(RAW DATA Opens)
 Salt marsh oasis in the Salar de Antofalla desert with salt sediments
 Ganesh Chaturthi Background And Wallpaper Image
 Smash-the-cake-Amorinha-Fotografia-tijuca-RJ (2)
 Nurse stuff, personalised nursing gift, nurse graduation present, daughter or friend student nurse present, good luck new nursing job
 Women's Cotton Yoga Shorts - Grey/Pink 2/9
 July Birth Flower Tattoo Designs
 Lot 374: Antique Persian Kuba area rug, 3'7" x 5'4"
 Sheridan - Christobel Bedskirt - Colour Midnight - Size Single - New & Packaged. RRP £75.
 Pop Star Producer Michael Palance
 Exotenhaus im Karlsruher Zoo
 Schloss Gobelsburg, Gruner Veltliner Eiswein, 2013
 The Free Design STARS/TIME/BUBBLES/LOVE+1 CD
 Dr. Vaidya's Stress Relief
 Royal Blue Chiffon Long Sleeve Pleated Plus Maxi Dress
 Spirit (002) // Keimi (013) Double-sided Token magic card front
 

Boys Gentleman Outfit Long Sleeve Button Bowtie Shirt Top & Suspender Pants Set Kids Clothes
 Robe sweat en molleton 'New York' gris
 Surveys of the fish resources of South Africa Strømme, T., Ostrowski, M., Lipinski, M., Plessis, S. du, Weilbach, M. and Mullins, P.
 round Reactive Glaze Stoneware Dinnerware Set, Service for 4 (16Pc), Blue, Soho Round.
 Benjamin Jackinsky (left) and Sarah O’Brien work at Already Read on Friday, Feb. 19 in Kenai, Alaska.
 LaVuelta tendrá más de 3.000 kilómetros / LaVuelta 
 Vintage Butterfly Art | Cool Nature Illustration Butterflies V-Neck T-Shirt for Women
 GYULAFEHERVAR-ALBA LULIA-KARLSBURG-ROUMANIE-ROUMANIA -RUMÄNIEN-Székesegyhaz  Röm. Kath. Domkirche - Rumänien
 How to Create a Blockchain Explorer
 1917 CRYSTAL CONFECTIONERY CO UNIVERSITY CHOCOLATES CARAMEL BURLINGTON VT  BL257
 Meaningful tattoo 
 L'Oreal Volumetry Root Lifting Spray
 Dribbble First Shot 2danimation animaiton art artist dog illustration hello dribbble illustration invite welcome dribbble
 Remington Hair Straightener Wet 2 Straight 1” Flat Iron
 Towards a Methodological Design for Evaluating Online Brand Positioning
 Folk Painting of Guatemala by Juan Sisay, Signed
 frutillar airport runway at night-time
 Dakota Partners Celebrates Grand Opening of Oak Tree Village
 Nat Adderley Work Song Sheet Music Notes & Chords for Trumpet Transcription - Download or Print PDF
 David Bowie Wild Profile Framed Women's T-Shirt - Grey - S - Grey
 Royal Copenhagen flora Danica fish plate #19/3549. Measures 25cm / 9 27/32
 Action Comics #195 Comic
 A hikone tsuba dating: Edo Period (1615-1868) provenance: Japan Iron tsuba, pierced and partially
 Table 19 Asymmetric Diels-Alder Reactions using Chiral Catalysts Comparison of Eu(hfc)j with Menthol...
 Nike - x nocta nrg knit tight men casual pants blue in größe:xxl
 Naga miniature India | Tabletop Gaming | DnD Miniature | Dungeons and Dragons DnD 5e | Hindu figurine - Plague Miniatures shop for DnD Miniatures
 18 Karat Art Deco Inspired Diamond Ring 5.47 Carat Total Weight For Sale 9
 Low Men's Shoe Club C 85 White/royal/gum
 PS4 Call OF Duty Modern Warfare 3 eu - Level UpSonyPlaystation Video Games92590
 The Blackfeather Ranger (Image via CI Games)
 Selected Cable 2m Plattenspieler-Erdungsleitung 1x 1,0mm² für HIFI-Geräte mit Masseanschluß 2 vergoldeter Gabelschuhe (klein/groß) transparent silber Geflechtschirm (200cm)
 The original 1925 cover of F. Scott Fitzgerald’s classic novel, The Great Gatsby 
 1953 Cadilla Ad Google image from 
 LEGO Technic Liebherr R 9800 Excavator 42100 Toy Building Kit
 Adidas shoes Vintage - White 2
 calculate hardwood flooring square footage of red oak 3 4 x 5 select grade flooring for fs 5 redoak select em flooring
(RAW DATA Closes)
*TASK GOAL:* Take the entries and print them exactly. Keep every line.

*TASK OUTPUT:*
 Salt marsh oasis in the Salar de Antofalla desert with salt sediments
 Ganesh Chaturthi Background And Wallpaper Image
 Smash-the-cake-Amorinha-Fotografia-tijuca-RJ (2)
 Nurse stuff, personalised nursing gift, nurse graduation present, daughter or friend student nurse present, good luck new nursing job
 Women's Cotton Yoga Shorts - Grey/Pink 2/9
 July Birth Flower Tattoo Designs
 Lot 374: Antique Persian Kuba area rug, 3'7" x 5'4"
 Sheridan - Christobel Bedskirt - Colour Midnight - Size Single - New & Packaged. RRP £75.
 Pop Star Producer Michael Palance
 Exotenhaus im Karlsruher Zoo
 Schloss Gobelsburg, Gruner Veltliner Eiswein, 2013
 The Free Design STARS/TIME/BUBBLES/LOVE+1 CD
 Dr. Vaidya's Stress Relief
 Royal Blue Chiffon Long Sleeve Pleated Plus Maxi Dress
 Spirit (002) // Keimi (013) Double-sided Token magic card front
 

Boys Gentleman Outfit Long Sleeve Button Bowtie Shirt Top & Suspender Pants Set Kids Clothes
 Robe sweat en molleton 'New York' gris
 Surveys of the fish resources of South Africa Strømme, T., Ostrowski, M., Lipinski, M., Plessis, S. du, Weilbach, M. and Mullins, P.
 round Reactive Glaze Stoneware Dinnerware Set, Service for 4 (16Pc), Blue, Soho Round.
 Benjamin Jackinsky (left) and Sarah O’Brien work at Already Read on Friday, Feb. 19 in Kenai, Alaska.
 LaVuelta tendrá más de 3.000 kilómetros / LaVuelta 
 Vintage Butterfly Art | Cool Nature Illustration Butterflies V-Neck T-Shirt for Women
 GYULAFEHERVAR-ALBA LULIA-KARLSBURG-ROUMANIE-ROUMANIA -RUMÄNIEN-Székesegyhaz  Röm. Kath. Domkirche - Rumänien
 How to Create a Blockchain Explorer
 1917 CRYSTAL CONFECTIONERY CO UNIVERSITY CHOCOLATES CARAMEL BURLINGTON VT  BL257
 Meaningful tattoo 
 L'Oreal Volumetry Root Lifting Spray
 Dribbble First Shot 2danimation animaiton art artist dog illustration hello dribbble illustration invite welcome dribbble
 Remington Hair Straightener Wet 2 Straight 1” Flat Iron
 Towards a Methodological Design for Evaluating Online Brand Positioning
 Folk Painting of Guatemala by Juan Sisay, Signed
 frutillar airport runway at night-time
 Dakota Partners Celebrates Grand Opening of Oak Tree Village
 Nat Adderley Work Song Sheet Music Notes & Chords for Trumpet Transcription - Download or Print PDF
 David Bowie Wild Profile Framed Women's T-Shirt - Grey - S - Grey
 Royal Copenhagen flora Danica fish plate #19/3549. Measures 25cm / 9 27/32
 Action Comics #195 Comic
 A hikone tsuba dating: Edo Period (1615-1868) provenance: Japan Iron tsuba, pierced and partially
 Table 19 Asymmetric Diels-Alder Reactions using Chiral Catalysts Comparison of Eu(hfc)j with Menthol...
 Nike - x nocta nrg knit tight men casual pants blue in größe:xxl
 Naga miniature India | Tabletop Gaming | DnD Miniature | Dungeons and Dragons DnD 5e | Hindu figurine - Plague Miniatures shop for DnD Miniatures
 18 Karat Art Deco Inspired Diamond Ring 5.47 Carat Total Weight For Sale 9
 Low Men's Shoe Club C 85 White/royal/gum
 PS4 Call OF Duty Modern Warfare 3 eu - Level UpSonyPlaystation Video Games92590
 The Blackfeather Ranger (Image via CI Games)
 Selected Cable 2m Plattenspieler-Erdungsleitung 1x 1,0mm² für HIFI-Geräte mit Masseanschluß 2 vergoldeter Gabelschuhe (klein/groß) transparent silber Geflechtschirm (200cm)
 The original 1925 cover of F. Scott Fitzgerald’s classic novel, The Great Gatsby 
 1953 Cadilla Ad Google image from 
 LEGO Technic Liebherr R 9800 Excavator 42100 Toy Building Kit
 Adidas shoes Vintage - White 2
 calculate hardwood flooring square footage of red oak 3 4 x 5 select grade flooring for fs 5 redoak select em flooring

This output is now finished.